Chevron Corp. and the partners in Namibia’s Petroleum Exploration License 82 (PEL82) have signed an agreement transferring operatorship of the offshore asset to the United States oil giant, which is already an operator on the Namibian side of the Orange Basin.
San Ramon, California-based Chevron will be a new co-venturer in PEL82 with an 80 percent interest through Chevron Namibia Exploration Ltd., while the National Petroleum Corporation of Namibia (Namcor) and Custos Energy (Pty) Ltd. will hold non-operating interests of 10 percent each, according to a press release by Custos’ 49 percent owner, Sintana Energy Inc.
PEL82 contains blocks 2112B and 2212A in the Walvis Basin. Drilling activity so far “confirmed the regional extension and presence of the Barremian-Aptian oil-prone source rock (Kudu shale)”, Sintana said in a press release announcing the Chevron deal.
The Wingat 1 well recovered 39- to 42-degree API oil while the Murombe 1 returned about 20 porosity from Baobab sands, Sintana said.
“The expanding partnership with Chevron in Namibia speaks to the quality of our Namibian portfolio”, Sintana chief executive Robert Bose said in a statement. Chevron and Sintana are already partners in the southwestern African country through the Orange Basin, where Chevron holds an 80 percent operating stake. The basin is shared between Namibia and South Africa.
“The timeliness of our entry and the unmatched nature of our portfolio continue to be demonstrated as Namibia emerges as the world’s next great hydrocarbon province”, Bose added.
Knowledge Katti, chair and chief executive of Custos and a director at Sintana, commented, “We are pleased to announce the continuing expansion of our in-country partnership with Chevron through their entry in PEL 82”.
Meanwhile under the Orange Basin’s PEL90, Chevron applied last November for environmental clearance before Namibia’s Ministry of Environment, Forestry and Tourism to drill up to five exploration and five appraisal wells, according to a news release by Sintana December 21, 2023.
“Since the basin opening Graff and Venus discoveries in February of 2022 by Shell and TotalEnergies respectively, the potential of the Orange Basin in Namibia has continued to emerge”, Sintana said at the time.
“Officials at Namibia’s Ministry of Mines and Energy and NAMCOR, Namibia’s national oil and gas company, estimate that at least 11 billion barrels of light oil-in-place and up to 8.7 trillion cubic feet of gas-in-place have been discovered by Shell and TotalEnergies over the past 20 months”.
The Graff 1 deepwater oil discovery on the Namibian side of the Orange Basin was announced February 4, 2022, by Namcor, a 10 percent co-venturer.

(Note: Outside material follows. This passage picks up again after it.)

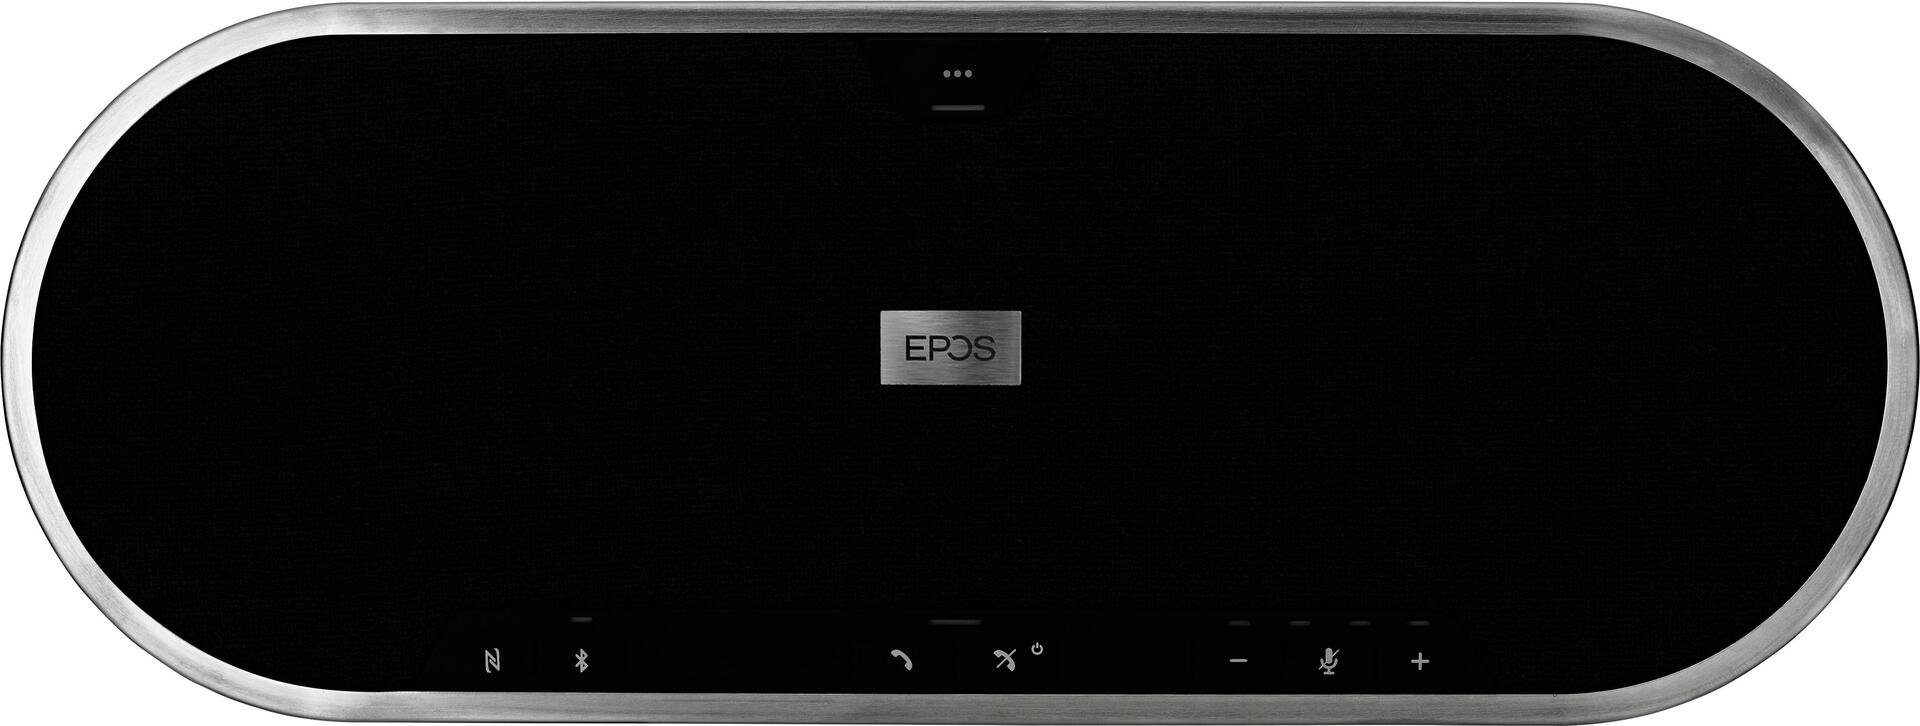 EPOS Germany EPOS EXPAND 80 (1000202)

Shell PLC is the operator with a 45 percent stake, while QatarEnergy also has 45 percent.
Just days later on February 24, 2022, TotalEnergies unveiled the Venus 1X oil discovery, also on the Namibian side of the basin. TotalEnergies is the operator with a 40 percent stake. QatarEnergy holds 30 percent, Impact Oil and Gas Ltd. 20 percent and Namcor 10 percent.
Last month TotalEnergies said it inked a deal to acquire operatorship of Block 3B/4B, a license adjacent to its operated DWOB block on the South African side of the basin. The agreement with 3B/4B current operator Africa Oil SA Corp. and 3B/4B co-venturer Ricocure (Proprietary) Ltd. farms down a combined 57 percent to the French energy giant and its DWOB partner QatarEnergy.
Block 3B/4B has unrisked prospective oil of 3.1 billion stock tank barrels in the best-estimate scenario and unrisked prospective associated gas of 5.5 trillion cubic feet in the best-estimate scenario, according to a report by Africa Oil March 7, 2023.